The Chicago Bulls have spent this season overcoming losses. A season-ending injury to Derrick Rose. A 3-13 stumble in November and December. The financially motivated January trade of leading scorer Luol Deng. But despite all of that, the Bulls have been 21-9 since the All-Star break, and have seemingly rediscovered the uncompromising style of play that has defined the franchise under coach Tom Thibodeau.
Conversely, the Washington Wizards have spent this season in acquisition mode. Inking John Wall to a long-term extension over the summer. Making a bold trade for Marcin Gortat to replace the injured Emeka Okafor. Moving for Andre Miller at the trade deadline. These were all moves designed to reinforce the team's growing foundation, with an underlying belief that anything less than a playoff berth this season was unacceptable.
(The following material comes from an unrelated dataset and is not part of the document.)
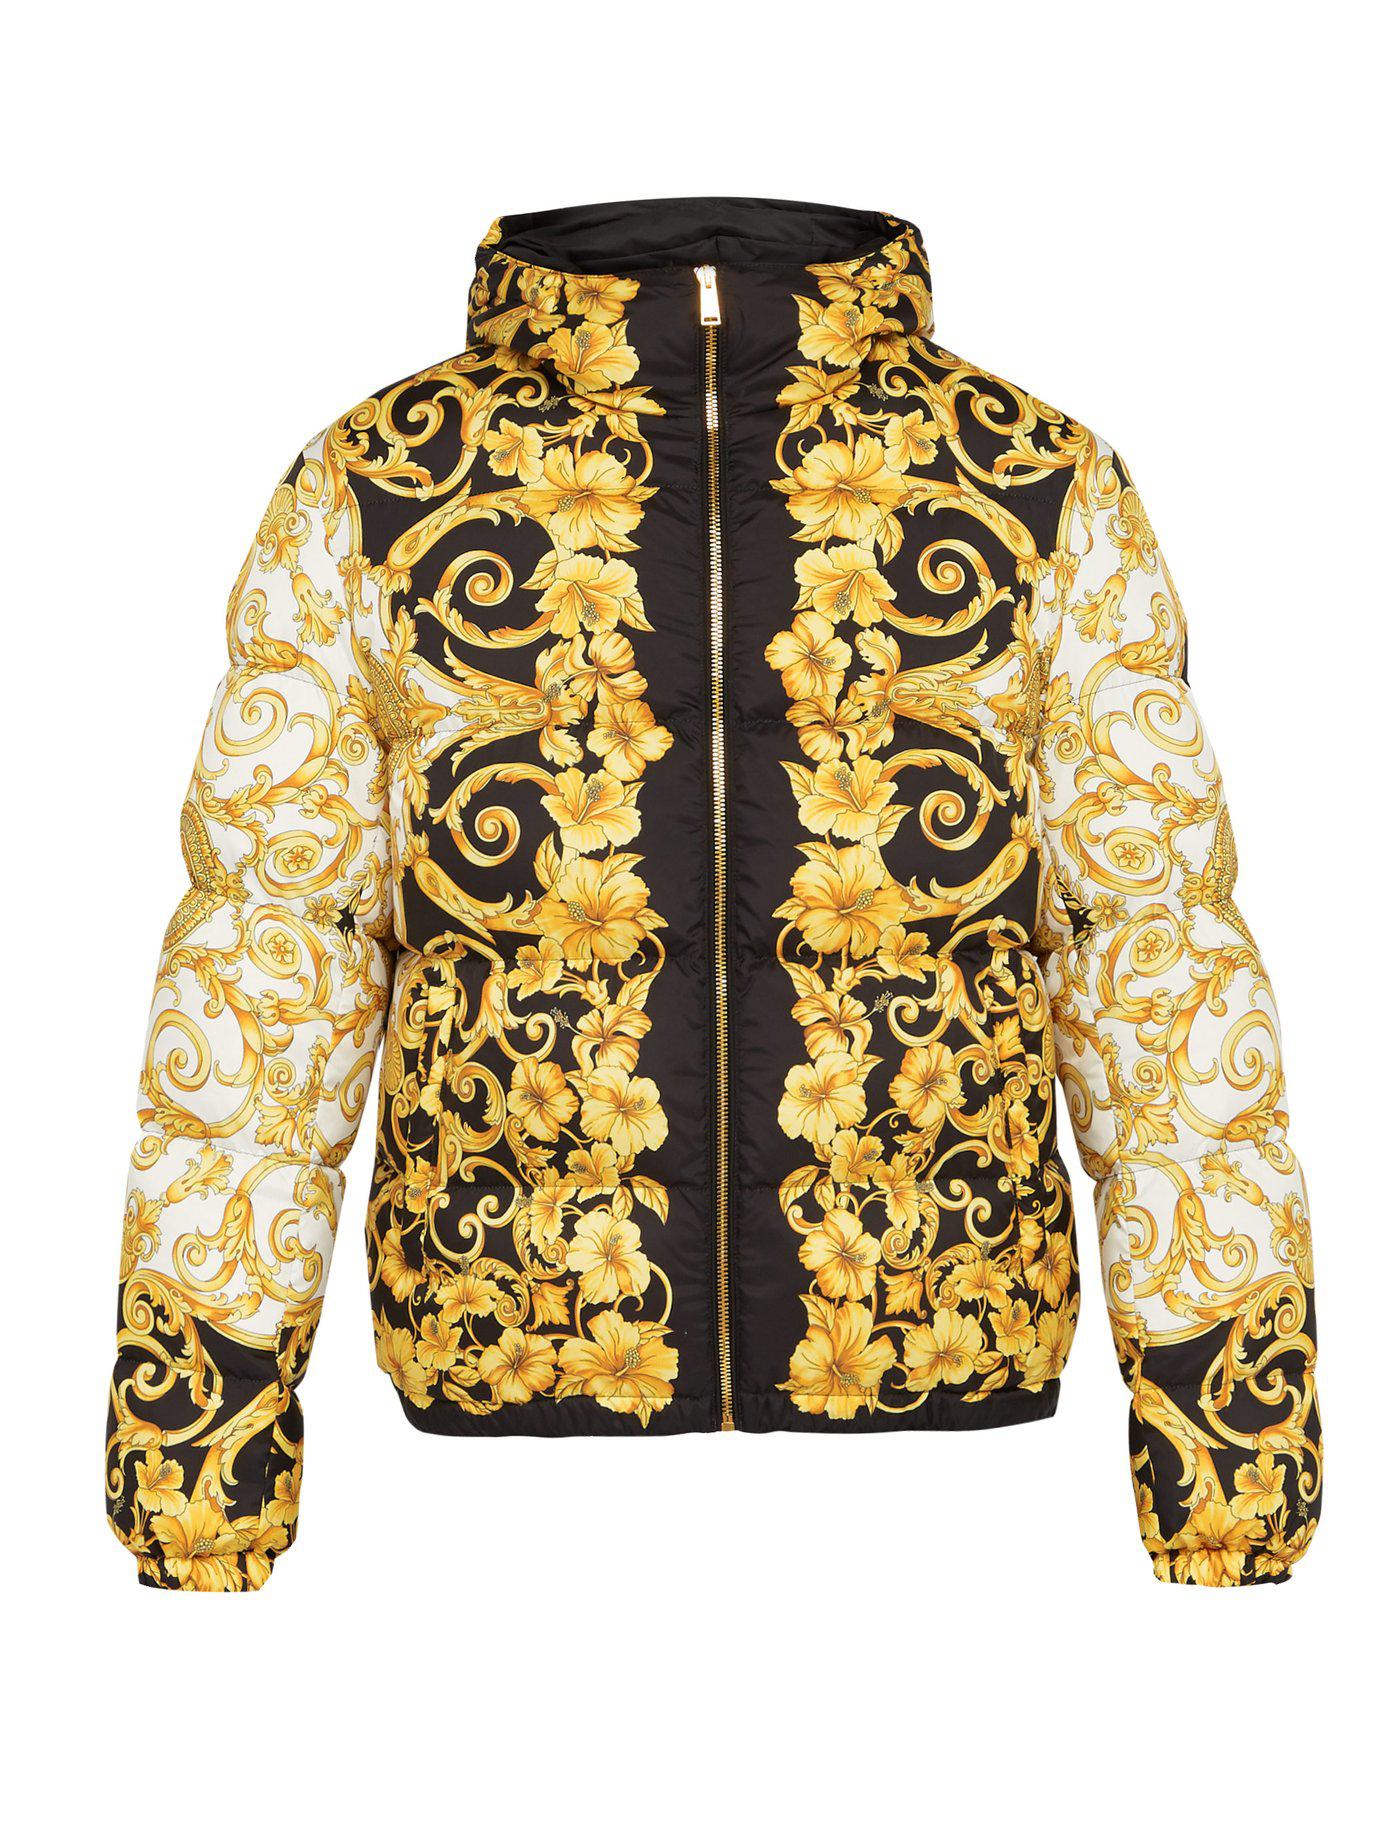 Versace Baroque Print Hooded Jacket for Men - Lyst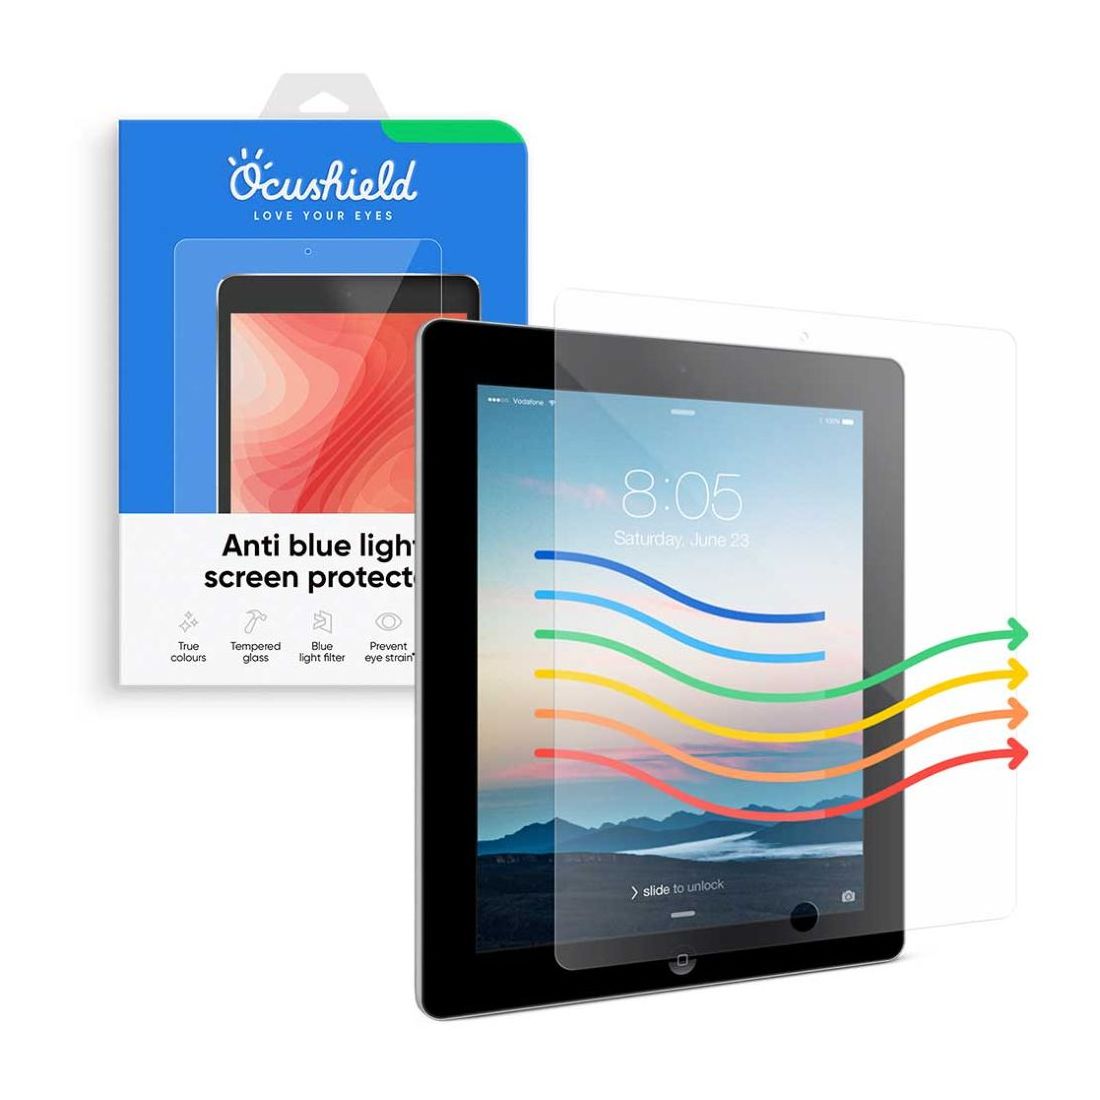 Ocushield Anti Blue Light Screen Protector for iPad Pro 10.5-Inch

And now after 82 games, the Bulls and Wizards have finished one spot away from each other in the middle of the Eastern Conference playoff race, setting up against each other in a first-round series that tips on Sunday night in Chicago (7 ET, TNT). The Bulls excel on defense and struggle on offense. The Wizards are closer to average in both categories. Somewhere, out of all these contrasts, a series winner will emerge.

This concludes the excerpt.